Wednesday, November 14, 2012

You may have noticed that the books you really love are bound together by a secret thread. You know very well what is the common quality that makes you love them, though you cannot put it into words: but most of your friends do not see it at all, and often wonder why, liking this, you should also like that. Again, you have stood before some landscape, which seems to embody what you have been looking for all your life; and then turned to the friend at your side who appears to be seeing what you saw -- but at the first words a gulf yawns between you, and you realise that this landscape means something totally different to him, that he is pursuing an alien vision and cares nothing for the ineffable suggestion by which you are transported. 

Even in your hobbies, has there not always been some secret attraction which the others are curiously ignorant of -- something, not to be identified with, but always on the verge of breaking through, the smell of cut wood in the workshop or the clap-clap of water against the boat's side?

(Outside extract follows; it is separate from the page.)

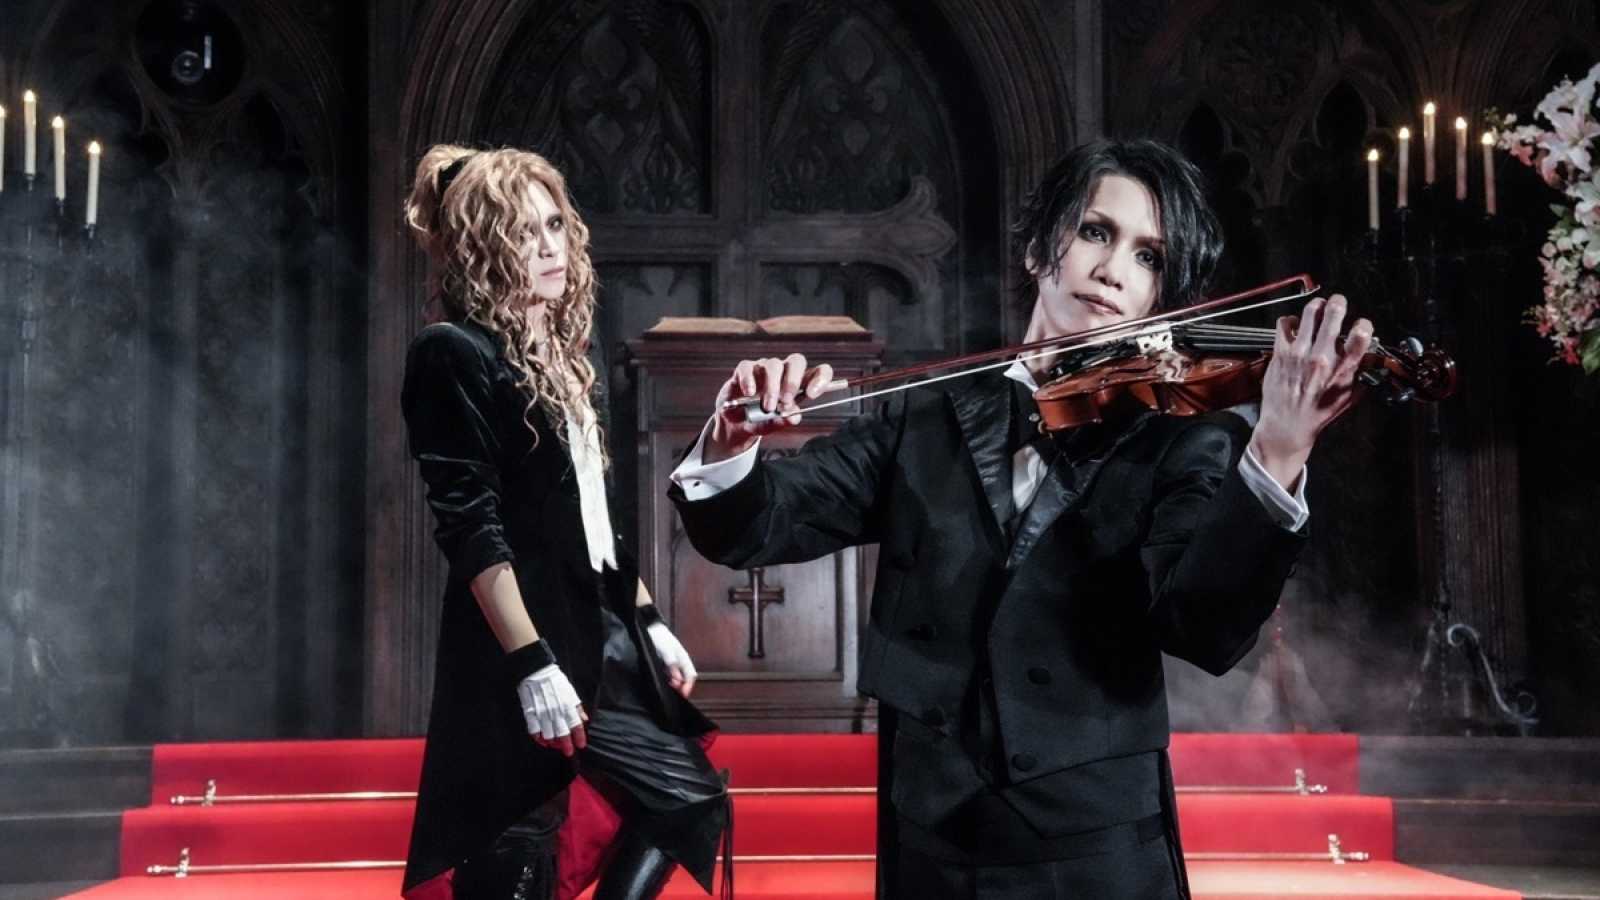 Quattro Cantare Unveils MV of Schubert's "Ave Maria" Featuring KAMIJO © Quattro Cantare. All rights reserved.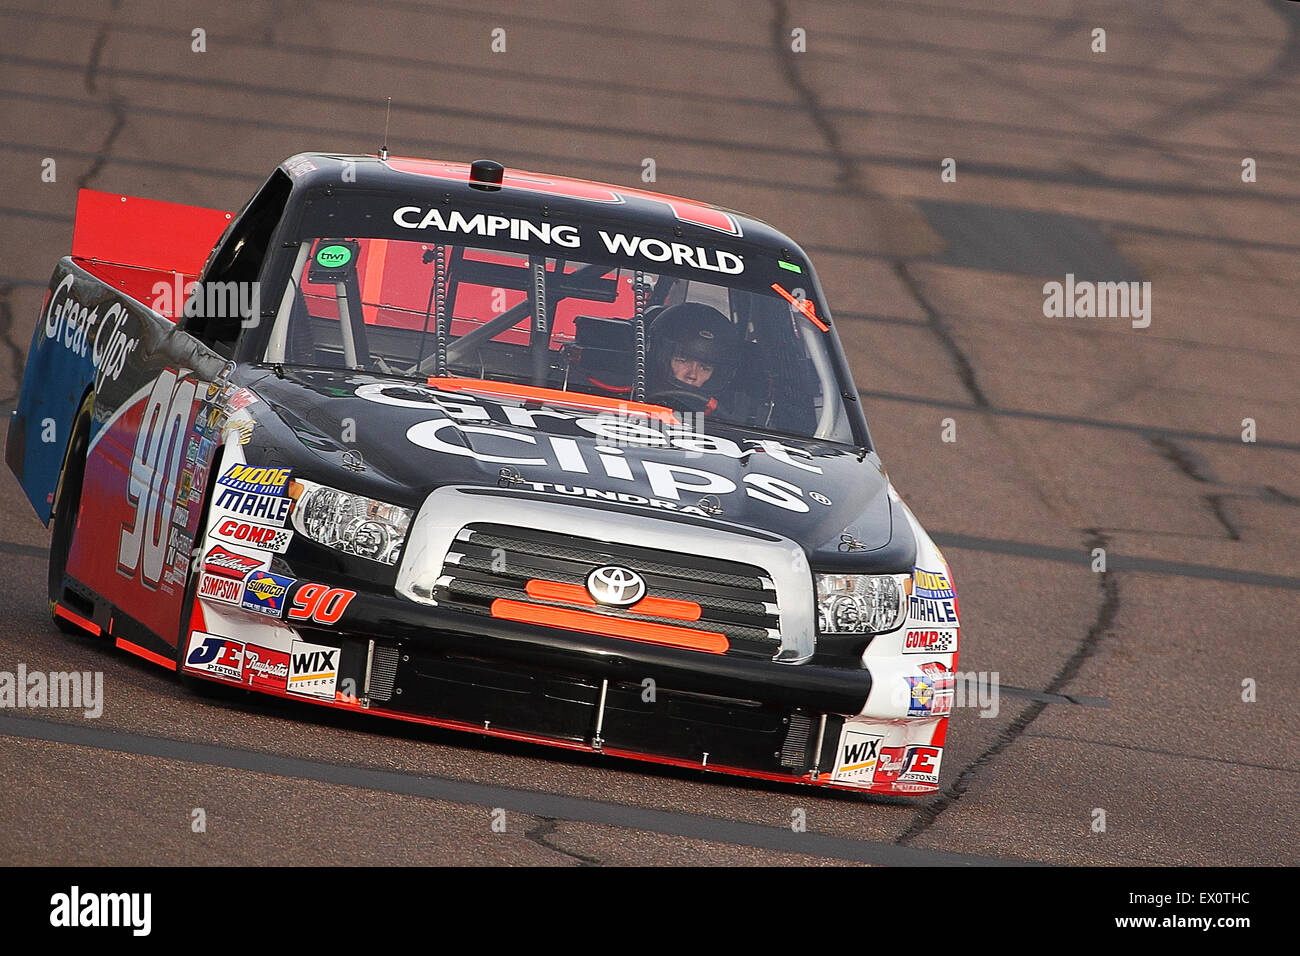 AVONDALE, AZ - NOV. 12: Brad Sweet (90) takes laps in a practice session for the NASCAR Camping World Truck Series Stock Photo

Are not all lifelong friendships born at the moment when at last you meet another human being who has some inkling (but faint and uncertain even in the best) of that something which you were born desiring, and which, beneath the flux of other desires and in all the momentary silences between the louder passions, night and day, year by year, from childhood to old age, you are looking for, watching for, listening for? You have never had it. All the things that have ever deeply possessed your soul have been but hints of it -- tantalising glimpses, promises never quite fulfilled, echoes that died away just as they caught your ear. But if it should really become manifest -- if there ever came an echo that did not die away but swelled into the sound itself -- you would know it. Beyond all possibility of doubt you would say "Here at last is the thing I was made for."

― C.S. Lewis





 

1 comment:

  1. Your blog appeals to me....
    Hmm! First; beautiful Larix Occidentalis, my favorite! No doubt along the Yaak, a wilderness I'm familiar with. Mr Clive Staples is an intelligent Christian man from a land I would love to stamp my passport. My mother, a self proclaimed interpreter of dreams has long prodded me to read Jack's The "Screwtape Letters". I know as fact, Screwtape and Wormwood are real, I have seen them, they come in many forms.
    I admire Jacks attempt to speak for all souls.There are those who delve into the soul looking not only for who they are, but to enjoy a barrier they have build from the common man knowing what they have is tantalizing, unique, very Christian, very different, and attractive. They enjoy being their own man, alone from the masses, but yet seek those whom are like them, careful not to disrupt what has been built. When they have scoured the earth and chased the four winds, only the fortunate are able to be fulfilled. Have you found "What you are made for"?